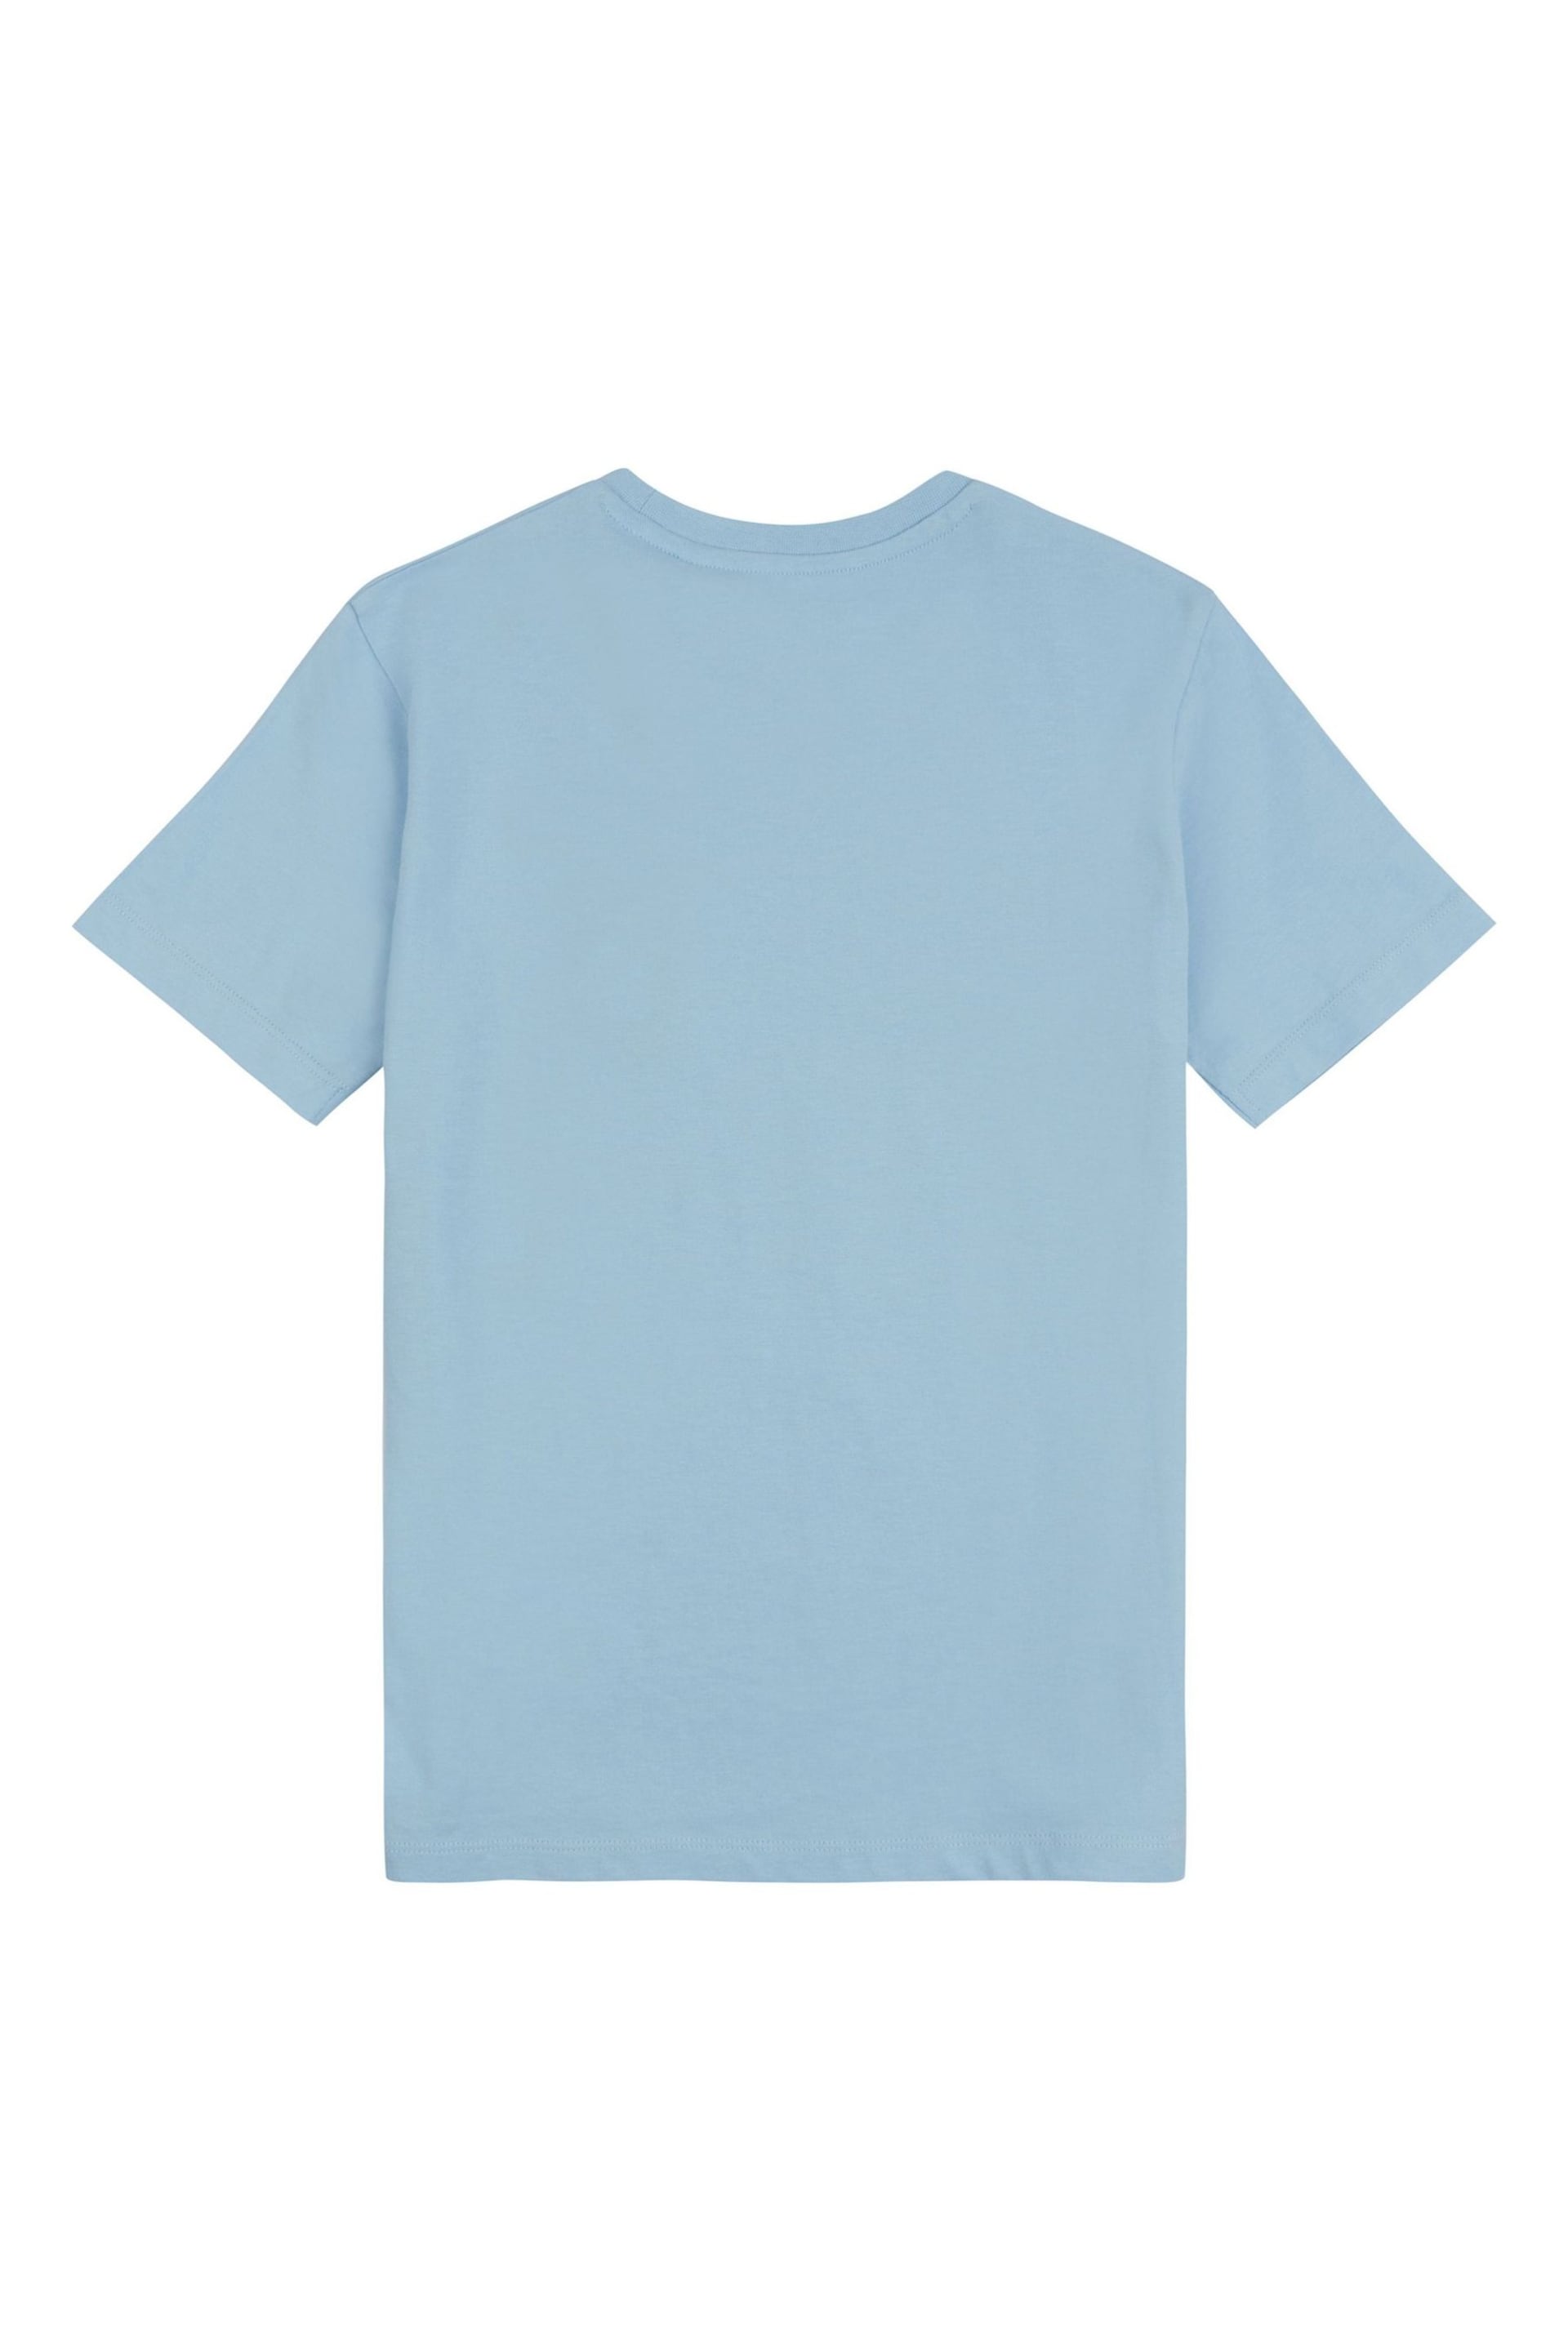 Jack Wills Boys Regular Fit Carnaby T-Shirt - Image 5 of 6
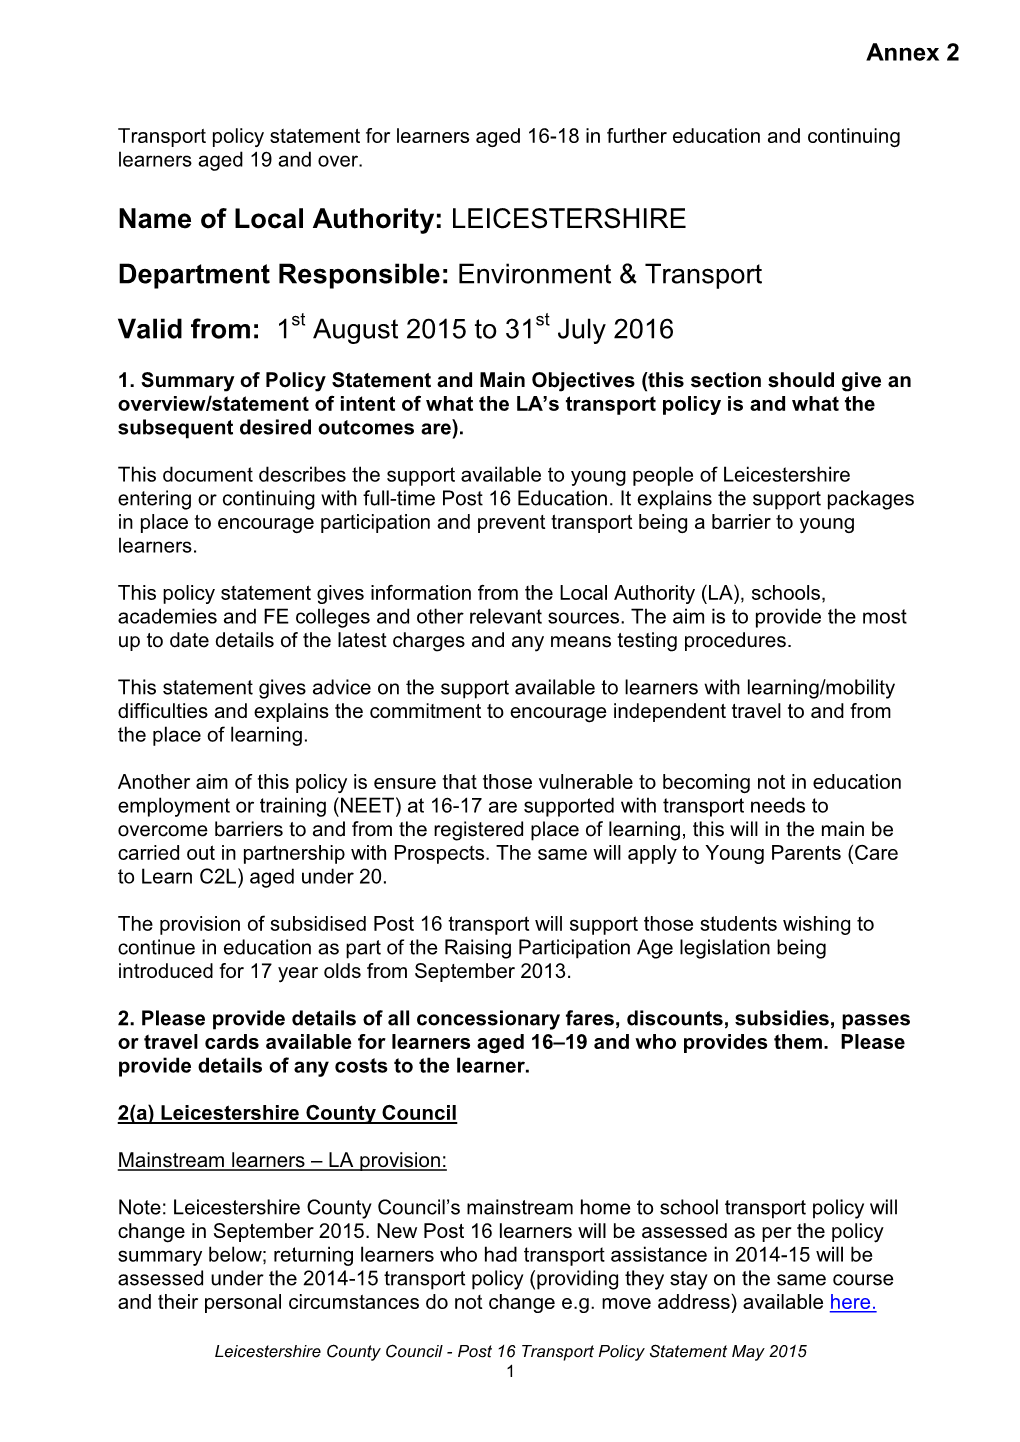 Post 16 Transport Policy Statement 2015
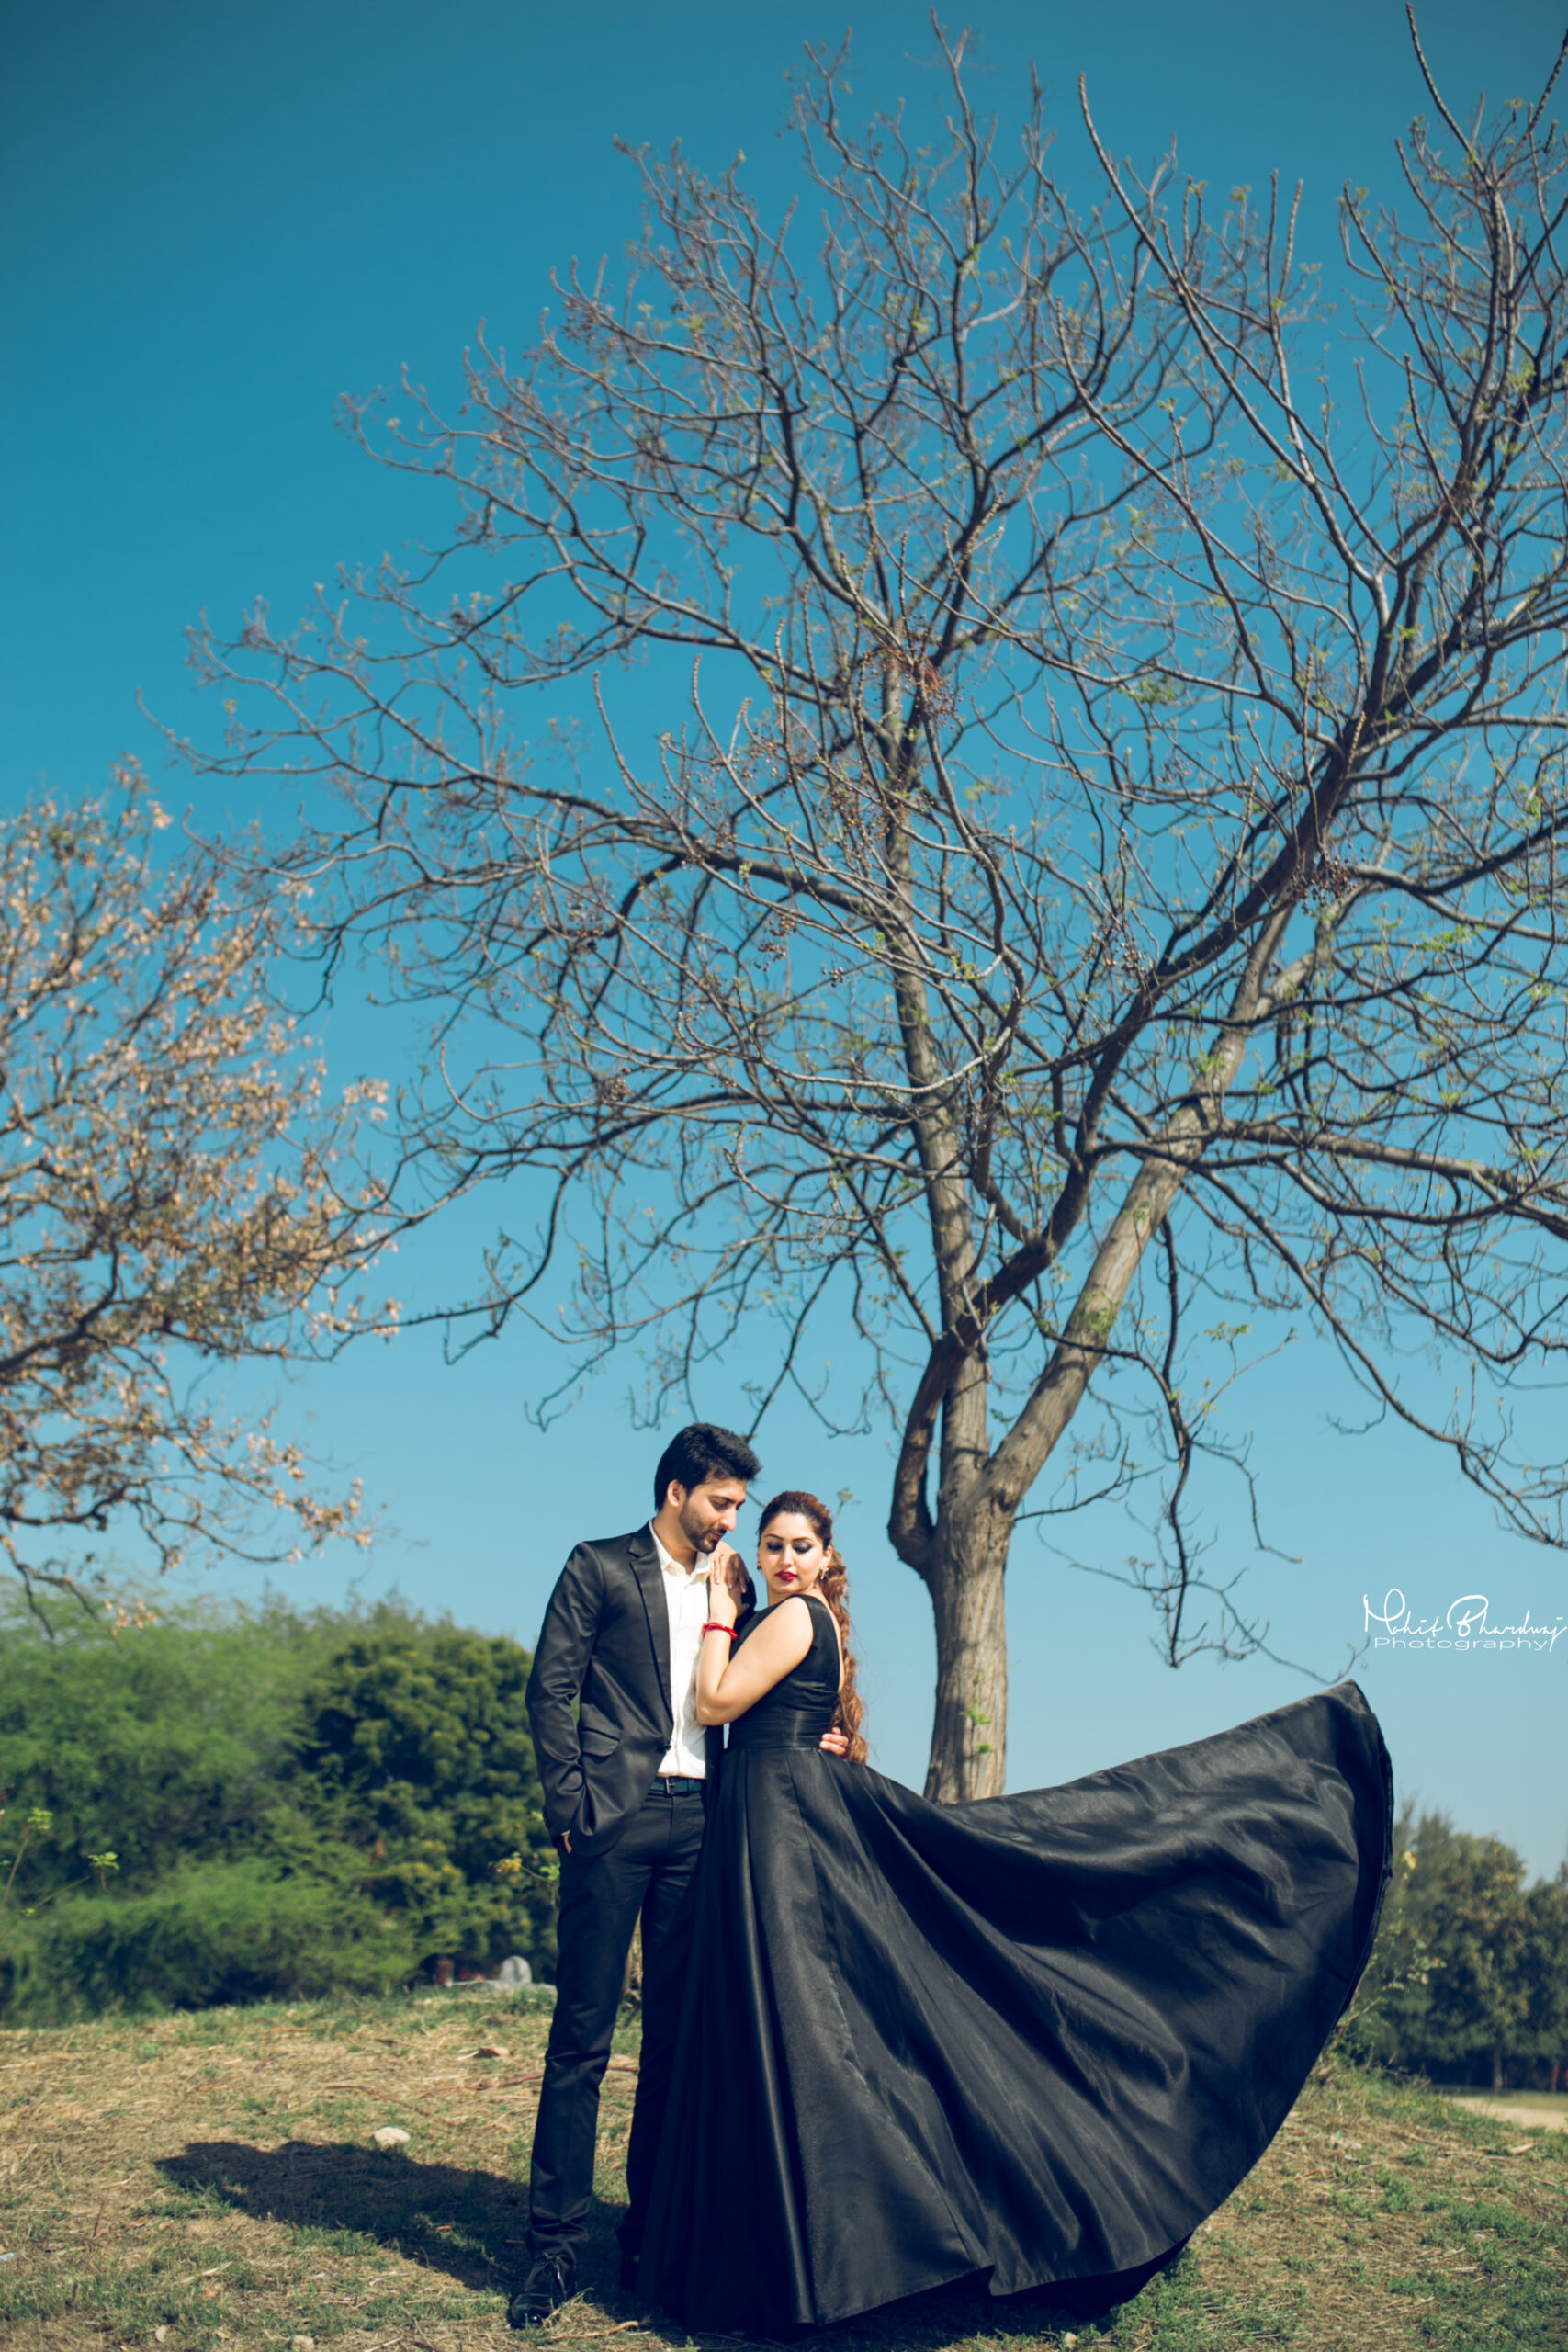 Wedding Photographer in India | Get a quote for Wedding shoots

* [Work to be completed]: Your copy of the data should match it exactly, apart from the images, which are omitted.

* [Output]:
 Jack Wills Boys Regular Fit Carnaby T-Shirt - Image 5 of 6
 Post 16 Transport Policy Statement 2015
 Wedding Photographer in India | Get a quote for Wedding shoots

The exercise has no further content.